Christian Cooper tells her calmly, "Please call the cops. Please call the cops."

"I'm going to tell them there's an African American man threatening my life," she responds.

She backs away from him and places the call while continuing to drag the dog by its collar.

"I'm in the Ramble, and there's a man, African American, he's got a bicycle helmet. He's recording me and threatening me and my dog," she said.

She repeats herself once more, though Christian Cooper never appears to come any closer to her.

By the third time, she is yelling into the phone with far more panic in her voice.

"I'm sorry. I can't hear. Are you there? I'm being threatened by a man into the Ramble. Please send the cops immediately!" she screams.

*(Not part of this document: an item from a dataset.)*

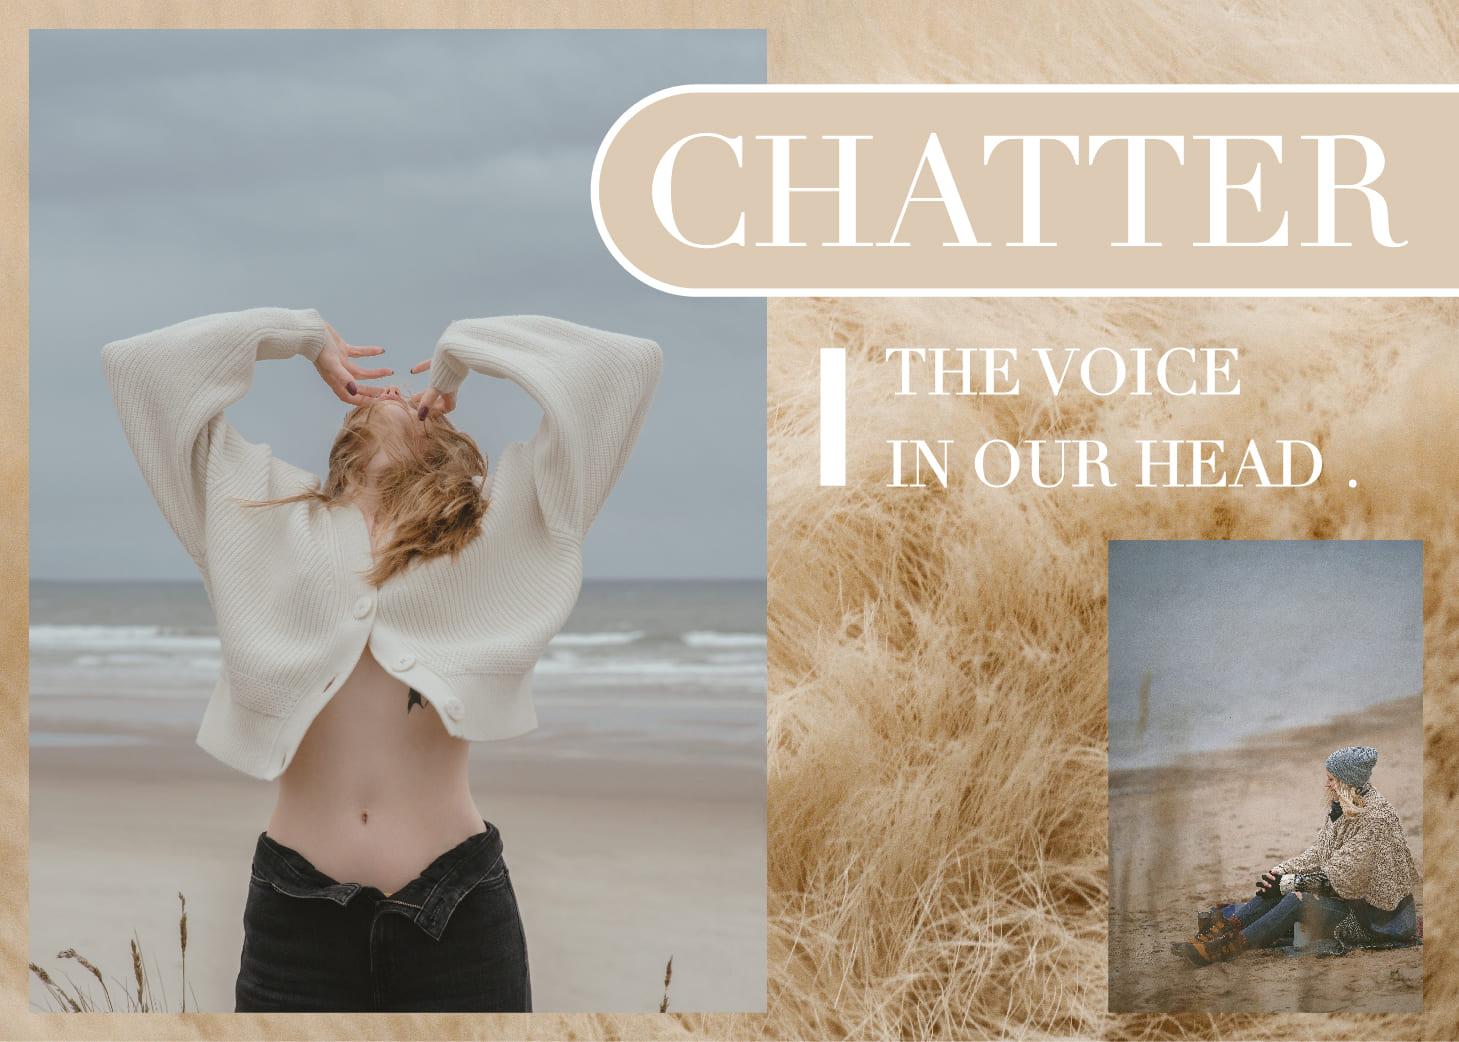 強大內心的自我對話:「腦海太多負面情緒⋯⋯沒關係,聽它說」療癒五部曲 CHATTER / The Voice in Our Head

The aftermath of the incident

In a statement to CNN, Amy Cooper said, "I'm not a racist. I did not mean to harm that man in any way," adding she also didn't intend to hurt the African American community.

The encounter is being highlighted as another example of a white person calling law enforcement to report black people for doing seemingly banal things.

"Obviously, I was aware of what the threat was," Christian Cooper said to NPR.

"She was threatening to bring the machine that has so long ground us black people to powder ... solely on the basis of our black skin, down on my head on the word of, you know, an innocent young white woman."

He said in the moment he had a choice, "participate in my own dehumanization" or continue recording until the dog was on the leash.

That is where the video that runs roughly 70 seconds ends, with Amy Cooper putting the leash on her dog and Christian Cooper saying "Thank you."

Amy Cooper's dog with rescue group

Amy Cooper's dog has been "voluntarily surrendered," according to statement posted on Facebook by the Abandoned Angels Cocker Spaniel Rescue Inc.

"As of this evening, the owner has voluntarily surrendered the dog in question to our rescue while this matter is being addressed," the group said.

The dog was adopted from the rescue a few years ago, the group added. It reported the dog is "safe and in good health" and said it will not be making any further statements on the matter.